Start of INFORMATION SHOWN

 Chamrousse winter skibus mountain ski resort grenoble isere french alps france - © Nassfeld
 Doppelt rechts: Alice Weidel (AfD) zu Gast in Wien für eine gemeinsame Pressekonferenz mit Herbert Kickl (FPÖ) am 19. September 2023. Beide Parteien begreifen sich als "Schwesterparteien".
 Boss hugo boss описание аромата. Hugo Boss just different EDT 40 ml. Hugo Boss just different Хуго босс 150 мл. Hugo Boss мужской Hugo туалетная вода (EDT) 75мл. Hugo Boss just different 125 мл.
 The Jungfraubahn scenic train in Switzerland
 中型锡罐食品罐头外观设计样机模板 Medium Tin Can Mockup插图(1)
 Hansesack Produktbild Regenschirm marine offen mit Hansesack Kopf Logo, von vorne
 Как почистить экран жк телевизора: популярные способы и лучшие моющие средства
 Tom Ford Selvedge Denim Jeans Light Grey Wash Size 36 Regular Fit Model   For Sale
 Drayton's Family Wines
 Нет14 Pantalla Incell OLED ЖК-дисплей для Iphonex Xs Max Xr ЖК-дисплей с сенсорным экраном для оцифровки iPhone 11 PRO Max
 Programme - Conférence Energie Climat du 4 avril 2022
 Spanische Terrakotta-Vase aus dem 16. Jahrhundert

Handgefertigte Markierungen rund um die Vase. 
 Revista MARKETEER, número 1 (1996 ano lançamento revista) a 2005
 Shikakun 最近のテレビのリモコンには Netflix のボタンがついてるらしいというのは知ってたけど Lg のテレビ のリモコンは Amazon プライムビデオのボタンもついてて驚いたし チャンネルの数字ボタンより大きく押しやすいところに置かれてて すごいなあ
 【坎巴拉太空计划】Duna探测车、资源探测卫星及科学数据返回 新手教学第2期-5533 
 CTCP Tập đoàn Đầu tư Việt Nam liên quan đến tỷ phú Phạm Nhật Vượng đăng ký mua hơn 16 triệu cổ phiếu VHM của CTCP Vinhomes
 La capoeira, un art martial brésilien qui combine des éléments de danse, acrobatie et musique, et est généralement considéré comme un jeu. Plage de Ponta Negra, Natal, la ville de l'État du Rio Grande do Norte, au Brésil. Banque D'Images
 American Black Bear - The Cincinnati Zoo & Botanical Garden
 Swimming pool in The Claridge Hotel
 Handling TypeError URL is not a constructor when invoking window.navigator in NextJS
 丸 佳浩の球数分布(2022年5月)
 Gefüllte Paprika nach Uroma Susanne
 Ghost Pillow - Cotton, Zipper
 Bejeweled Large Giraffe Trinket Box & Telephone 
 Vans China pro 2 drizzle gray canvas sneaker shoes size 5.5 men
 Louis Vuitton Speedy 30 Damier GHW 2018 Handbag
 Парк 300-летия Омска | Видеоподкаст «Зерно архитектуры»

End of INFORMATION SHOWN

*PROBLEM REQUIREMENTS:* Nothing but the lines from the first line of the data through the line with "Ghost Pillow - Cotton, Zipper" should be returned, exactly as they appear, both ends included.

*RESPONSE:*
 Chamrousse winter skibus mountain ski resort grenoble isere french alps france - © Nassfeld
 Doppelt rechts: Alice Weidel (AfD) zu Gast in Wien für eine gemeinsame Pressekonferenz mit Herbert Kickl (FPÖ) am 19. September 2023. Beide Parteien begreifen sich als "Schwesterparteien".
 Boss hugo boss описание аромата. Hugo Boss just different EDT 40 ml. Hugo Boss just different Хуго босс 150 мл. Hugo Boss мужской Hugo туалетная вода (EDT) 75мл. Hugo Boss just different 125 мл.
 The Jungfraubahn scenic train in Switzerland
 中型锡罐食品罐头外观设计样机模板 Medium Tin Can Mockup插图(1)
 Hansesack Produktbild Regenschirm marine offen mit Hansesack Kopf Logo, von vorne
 Как почистить экран жк телевизора: популярные способы и лучшие моющие средства
 Tom Ford Selvedge Denim Jeans Light Grey Wash Size 36 Regular Fit Model   For Sale
 Drayton's Family Wines
 Нет14 Pantalla Incell OLED ЖК-дисплей для Iphonex Xs Max Xr ЖК-дисплей с сенсорным экраном для оцифровки iPhone 11 PRO Max
 Programme - Conférence Energie Climat du 4 avril 2022
 Spanische Terrakotta-Vase aus dem 16. Jahrhundert

Handgefertigte Markierungen rund um die Vase. 
 Revista MARKETEER, número 1 (1996 ano lançamento revista) a 2005
 Shikakun 最近のテレビのリモコンには Netflix のボタンがついてるらしいというのは知ってたけど Lg のテレビ のリモコンは Amazon プライムビデオのボタンもついてて驚いたし チャンネルの数字ボタンより大きく押しやすいところに置かれてて すごいなあ
 【坎巴拉太空计划】Duna探测车、资源探测卫星及科学数据返回 新手教学第2期-5533 
 CTCP Tập đoàn Đầu tư Việt Nam liên quan đến tỷ phú Phạm Nhật Vượng đăng ký mua hơn 16 triệu cổ phiếu VHM của CTCP Vinhomes
 La capoeira, un art martial brésilien qui combine des éléments de danse, acrobatie et musique, et est généralement considéré comme un jeu. Plage de Ponta Negra, Natal, la ville de l'État du Rio Grande do Norte, au Brésil. Banque D'Images
 American Black Bear - The Cincinnati Zoo & Botanical Garden
 Swimming pool in The Claridge Hotel
 Handling TypeError URL is not a constructor when invoking window.navigator in NextJS
 丸 佳浩の球数分布(2022年5月)
 Gefüllte Paprika nach Uroma Susanne
 Ghost Pillow - Cotton, Zipper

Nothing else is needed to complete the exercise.